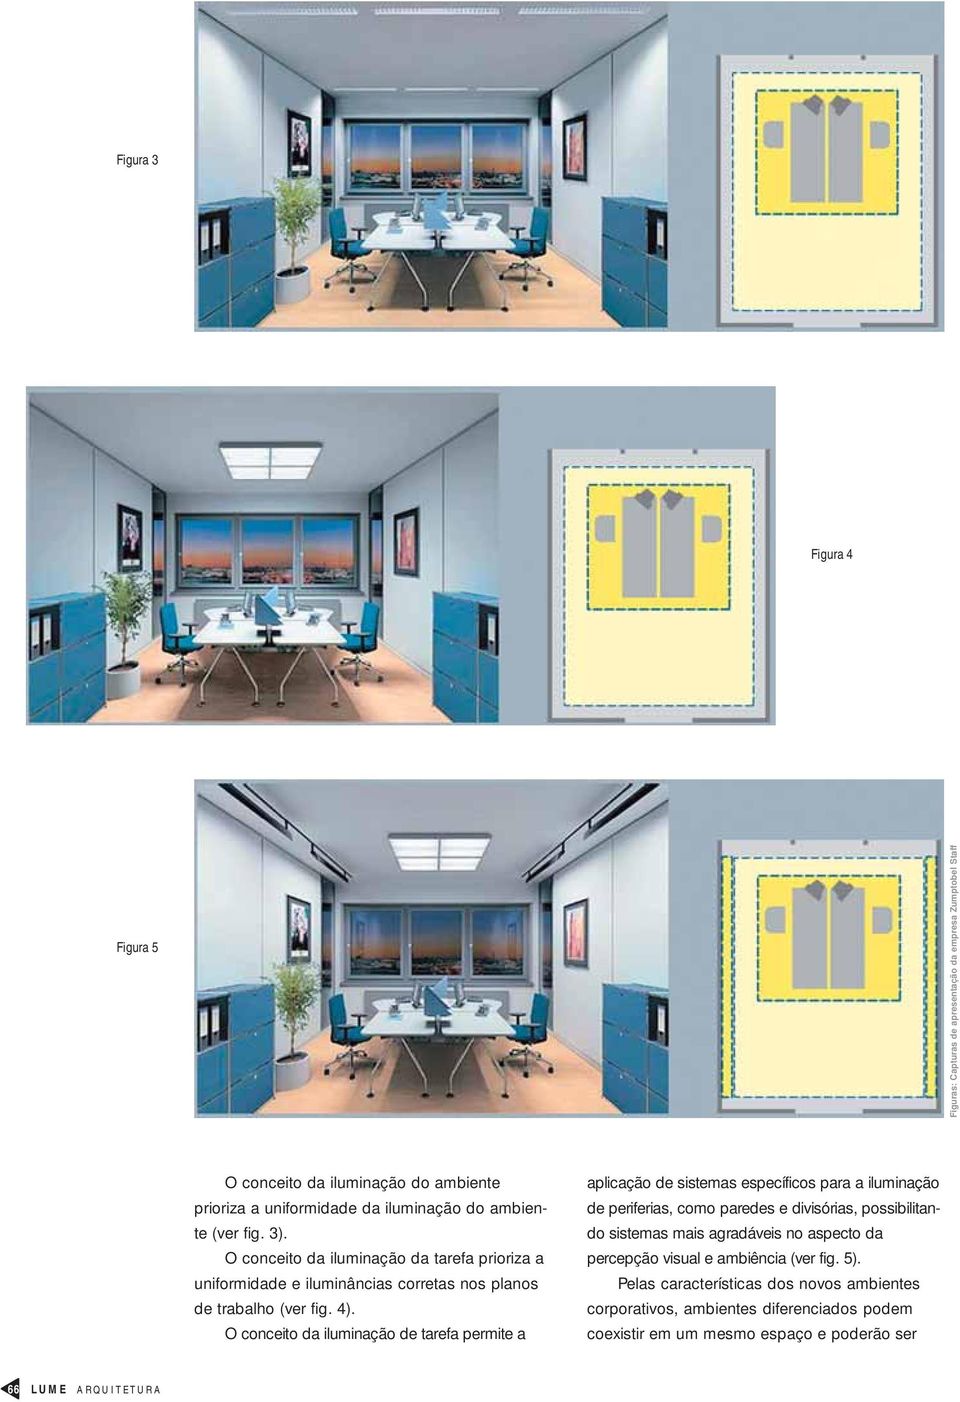 O conceito da iluminação de tarefa permite a aplicação de sistemas específicos para a iluminação de periferias, como paredes e divisórias, possibilitando sistemas mais
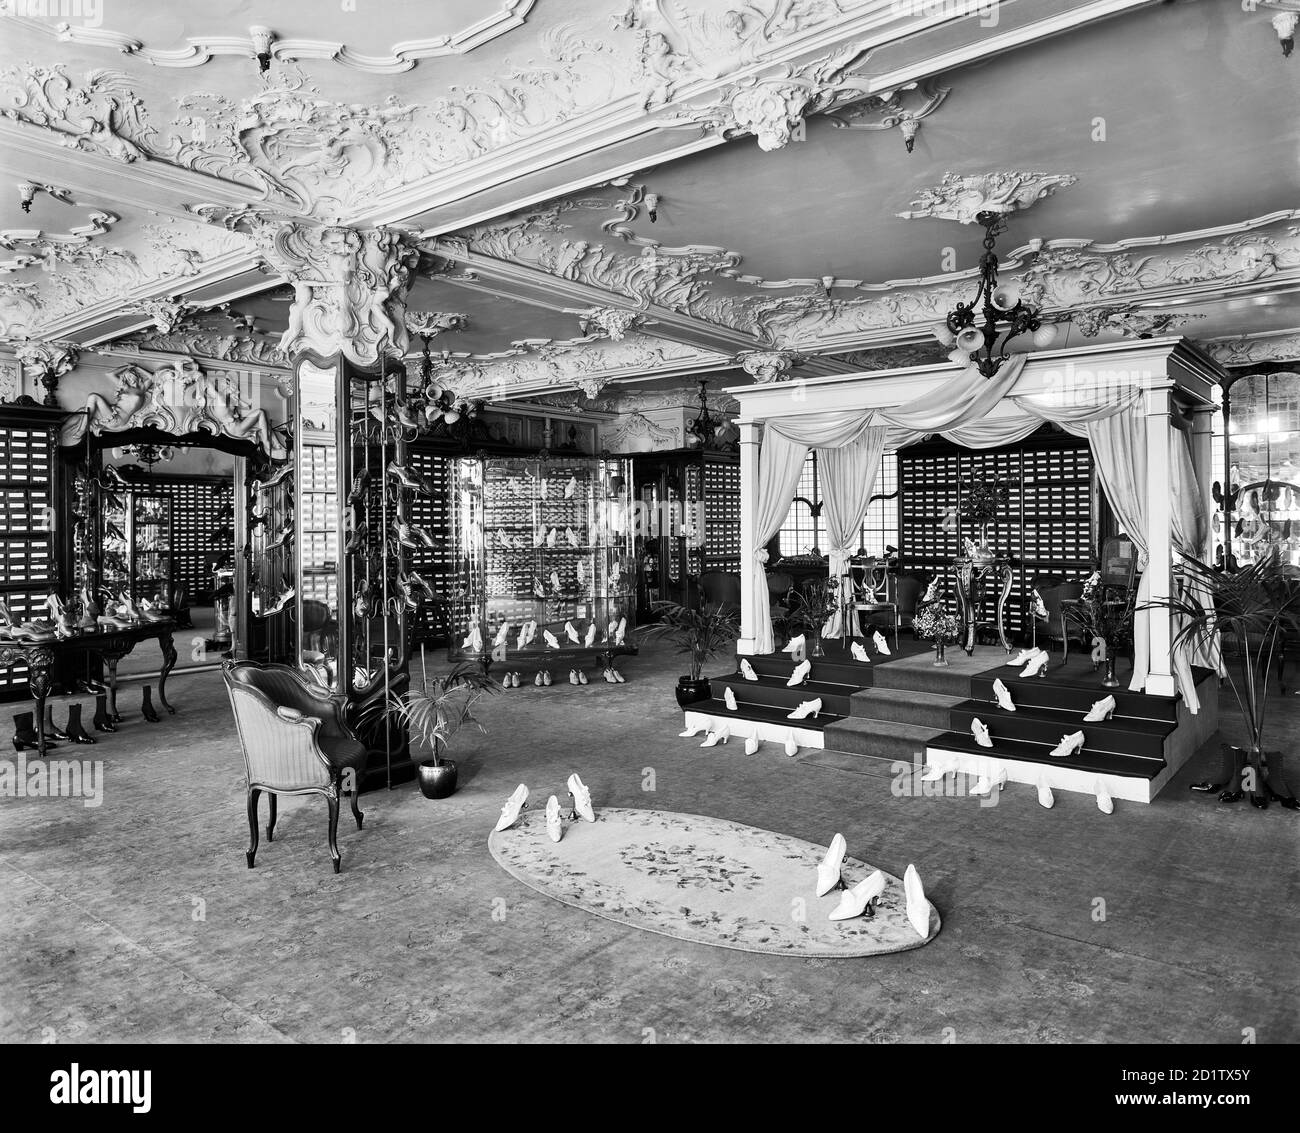 HARRODS, Brompton Road, Knightsbridge, Londres. Luxe baroque du rayon des chaussures pour femmes à Harrods. Le plafond en plâtre très orné et l'utilisation somptueuse de l'espace soulignent la nature exclusive du magasin. Il a été reconstruit à la suite d'un incendie en 1884 et a été prolongé en 1901-5. Photographié par Bedford Lemere & Co en avril 1919. Banque D'Images
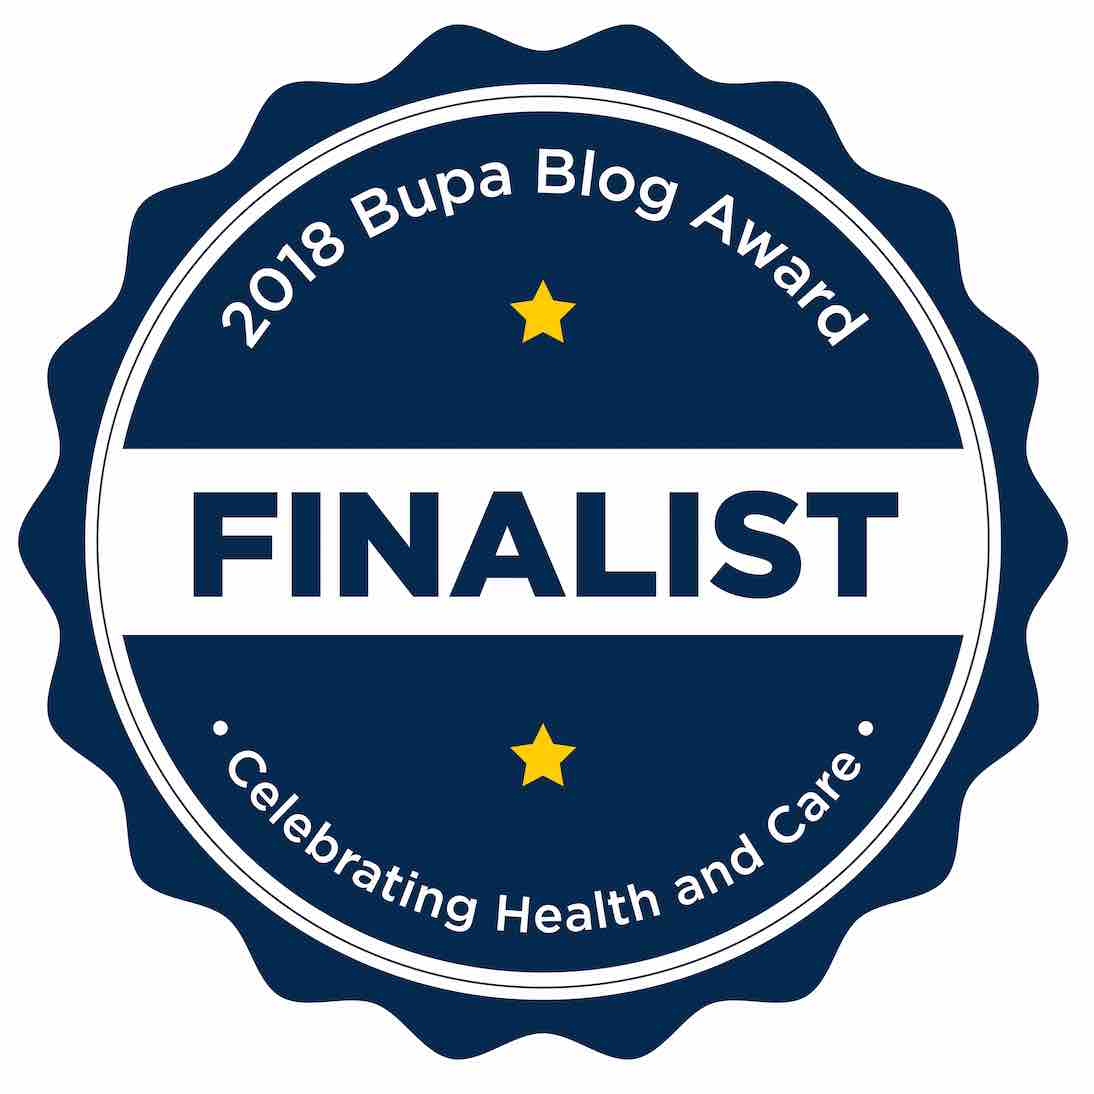 BUPA blog award finalist

= = = =

Print the entire listing above verbatim. No picture should be included.

 O conceito da iluminação de tarefa permite a aplicação de sistemas específicos para a iluminação de periferias, como paredes e divisórias, possibilitando sistemas mais
 HARRODS, Brompton Road, Knightsbridge, Londres. Luxe baroque du rayon des chaussures pour femmes à Harrods. Le plafond en plâtre très orné et l'utilisation somptueuse de l'espace soulignent la nature exclusive du magasin. Il a été reconstruit à la suite d'un incendie en 1884 et a été prolongé en 1901-5. Photographié par Bedford Lemere & Co en avril 1919. Banque D'Images
 BUPA blog award finalist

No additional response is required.